#### Work item
The answer is all of the data repeated exactly, with each picture omitted.

[[ Data extract open ]]

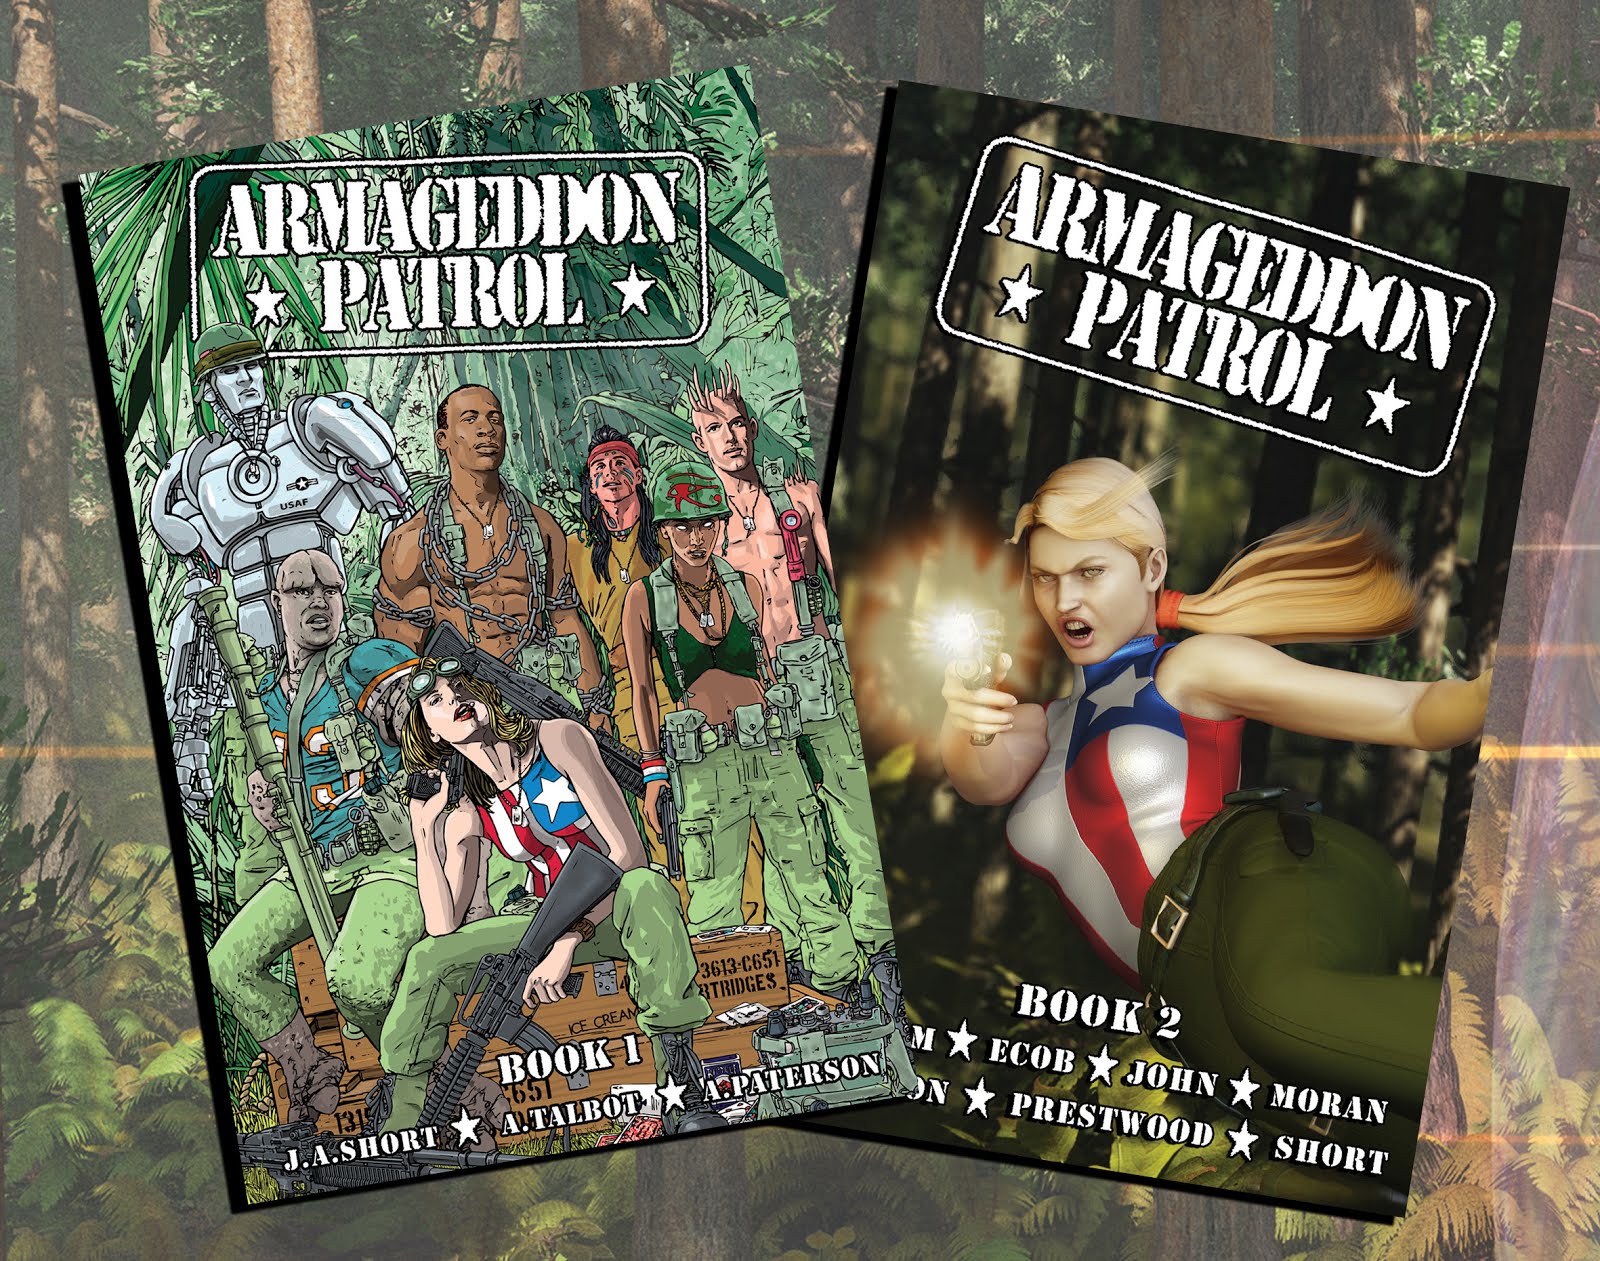 Buy ARMAGEDDON PATROL BOOKS 1 + 2 TOGETHER below!
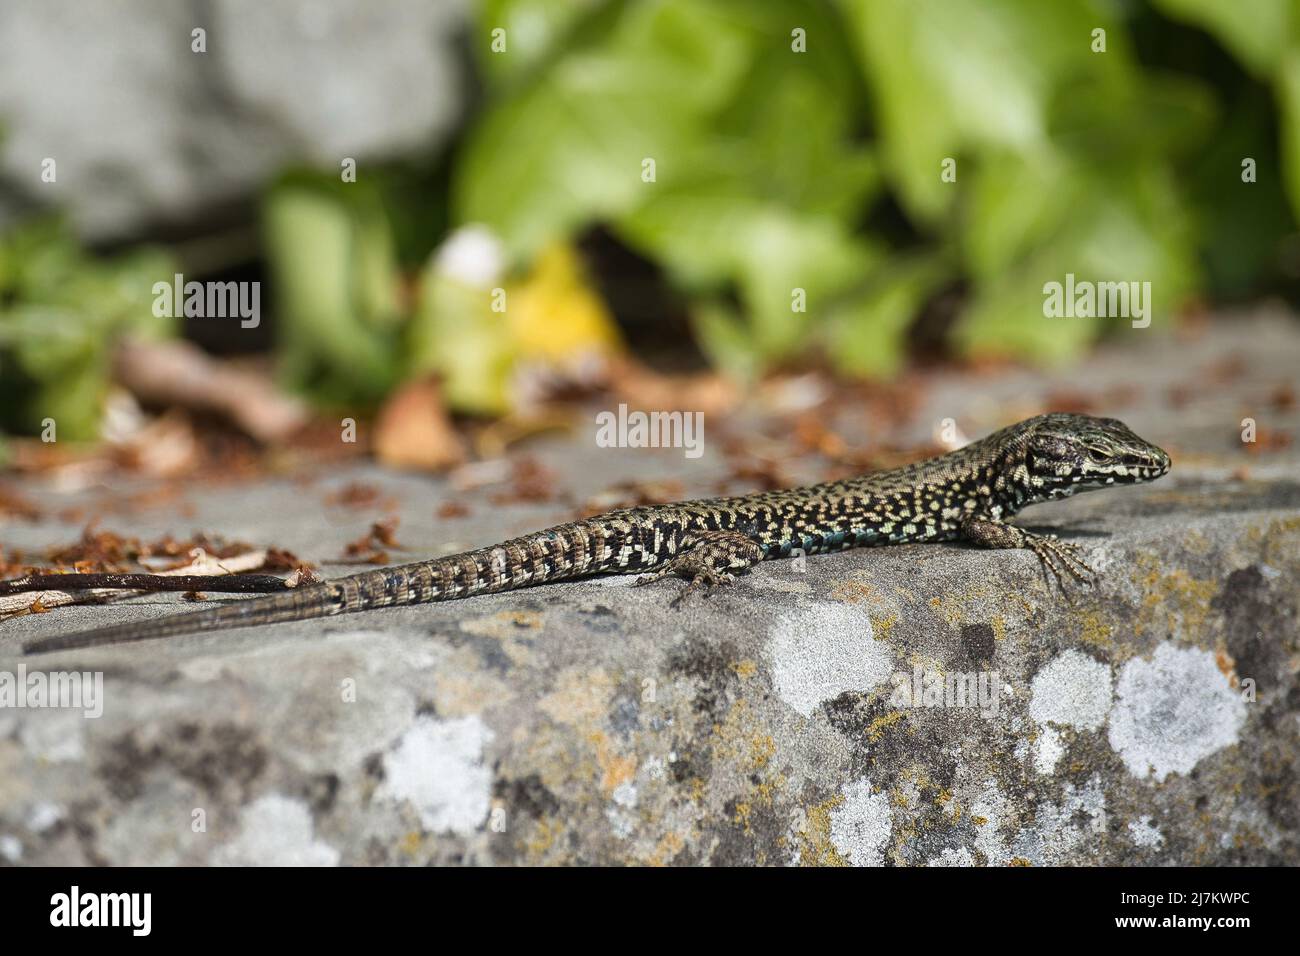 Anatololacerta anatolica, the common rock lizard basking in the sunshine on a rock surface. Stock Photo
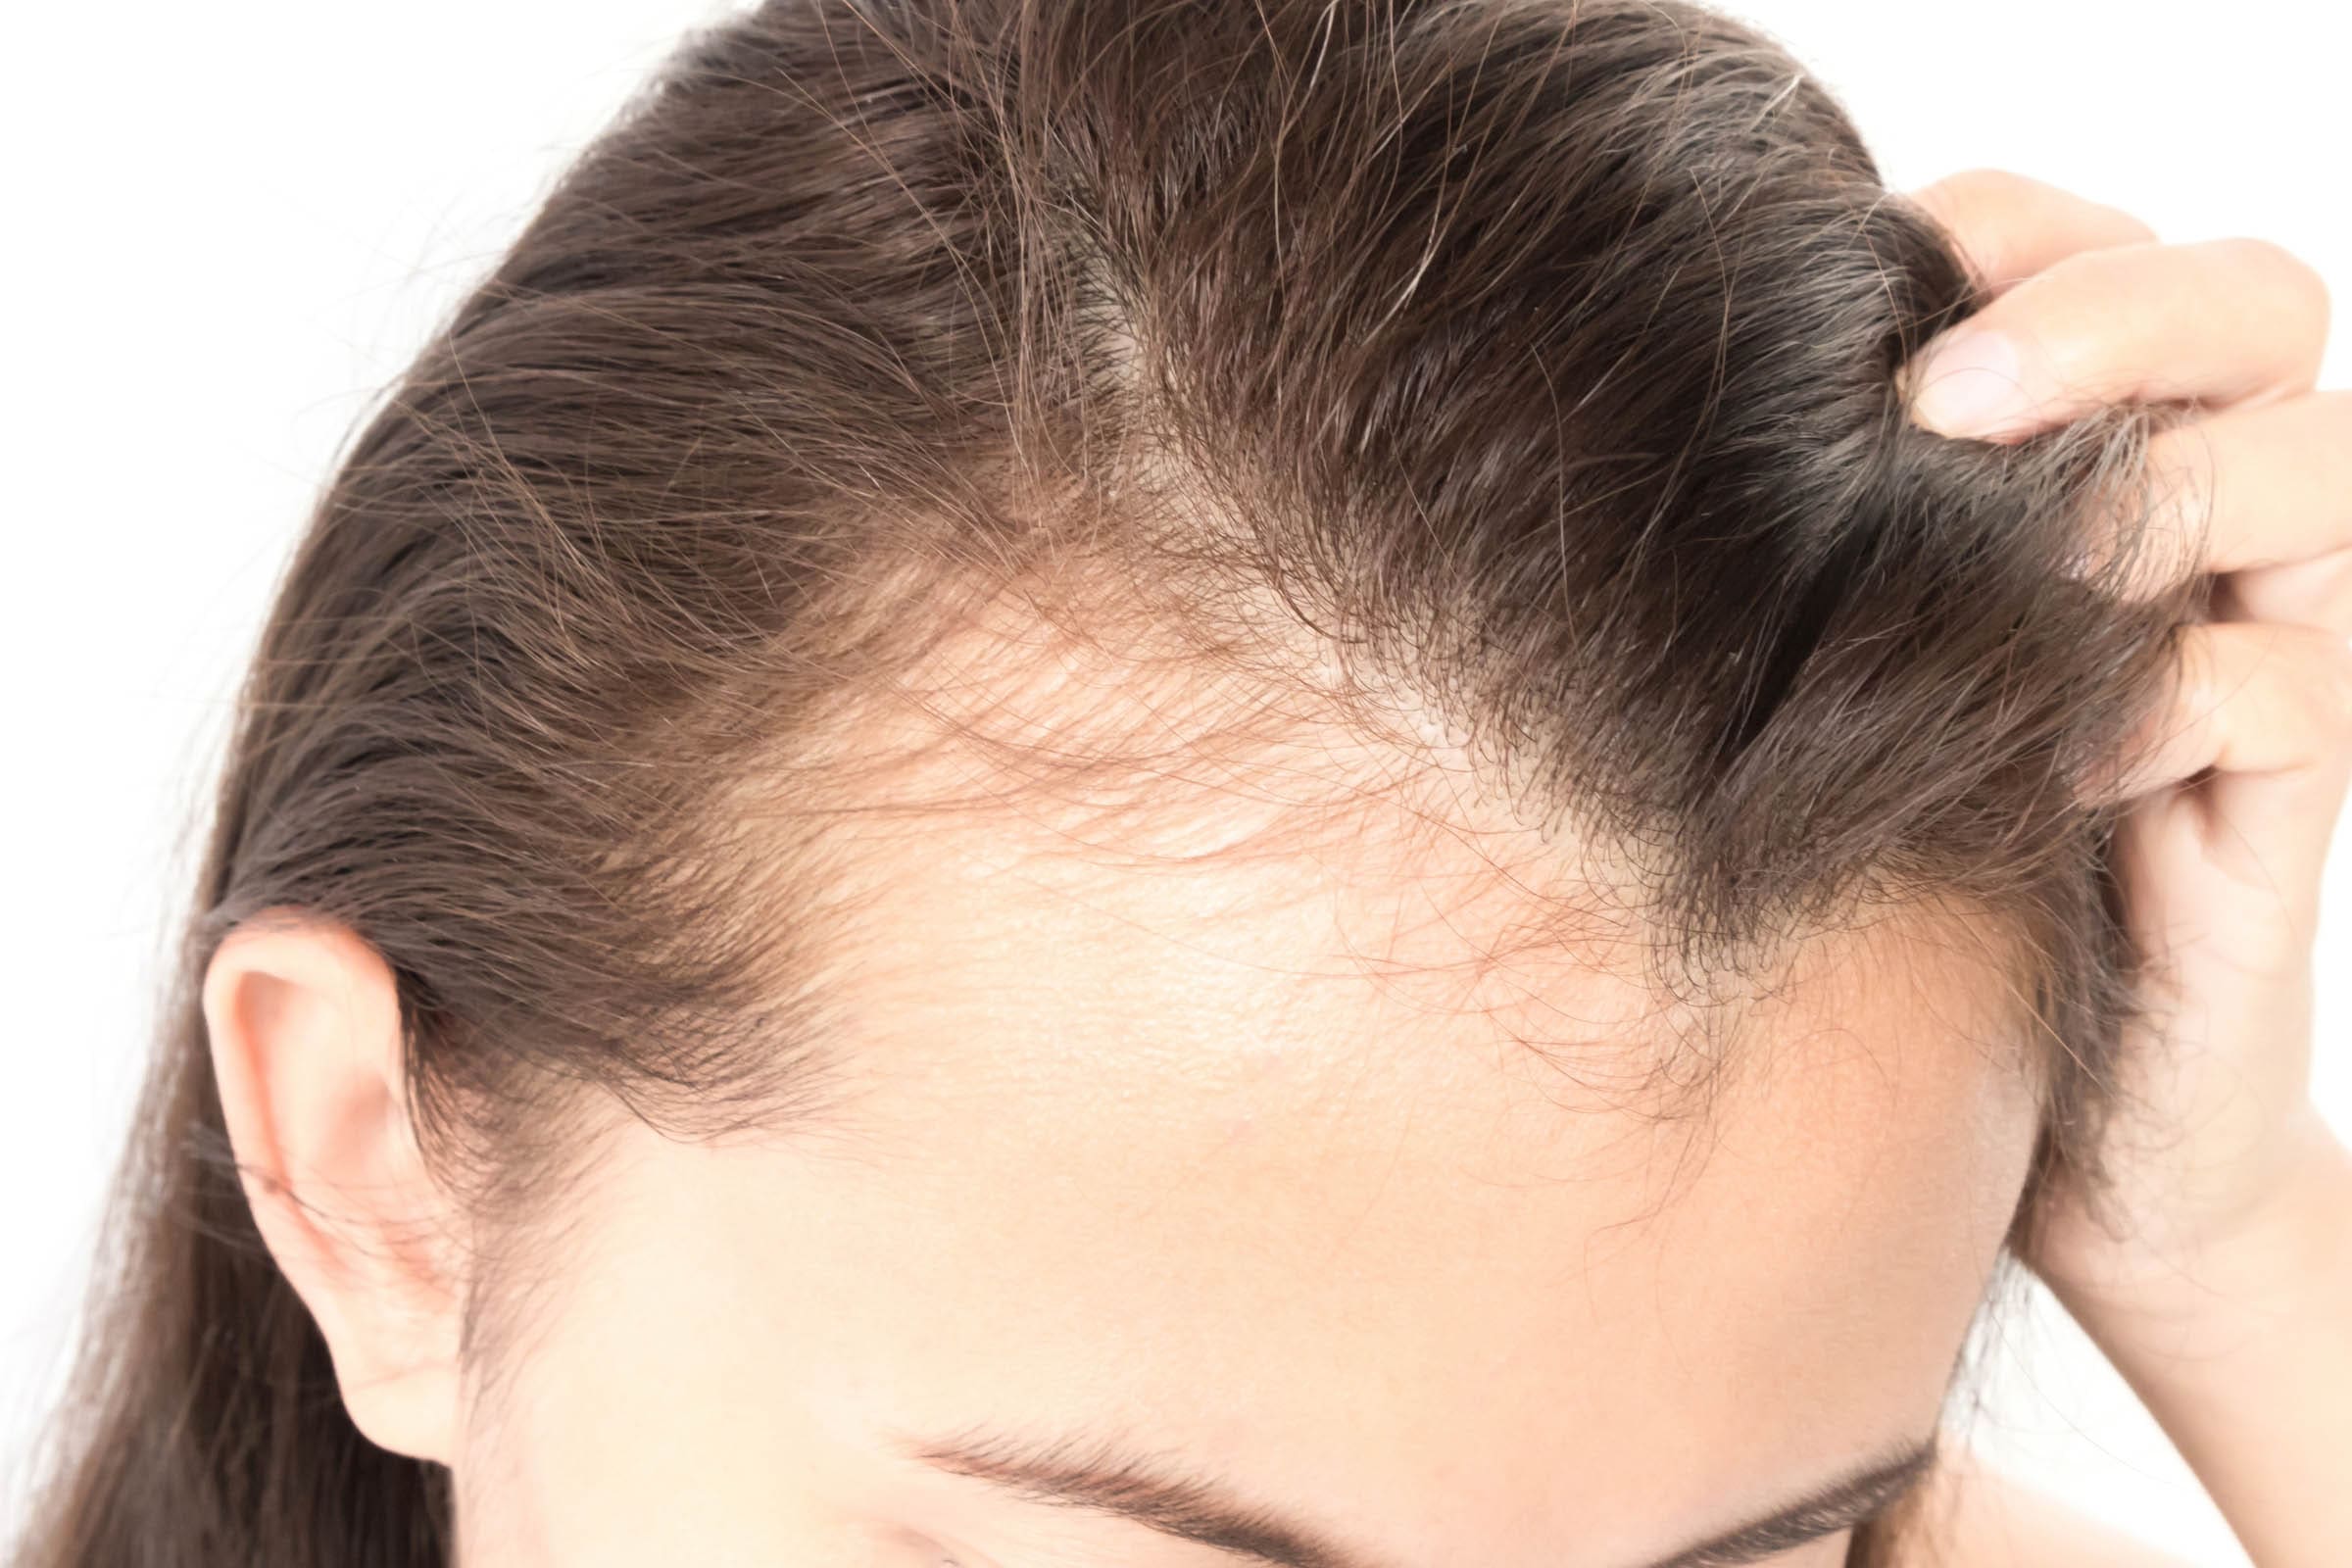 National Hair Loss Awareness Month

[[ Data extract closed ]]

#### Written solution
 Buy ARMAGEDDON PATROL BOOKS 1 + 2 TOGETHER below!
 Anatololacerta anatolica, the common rock lizard basking in the sunshine on a rock surface. Stock Photo
 National Hair Loss Awareness Month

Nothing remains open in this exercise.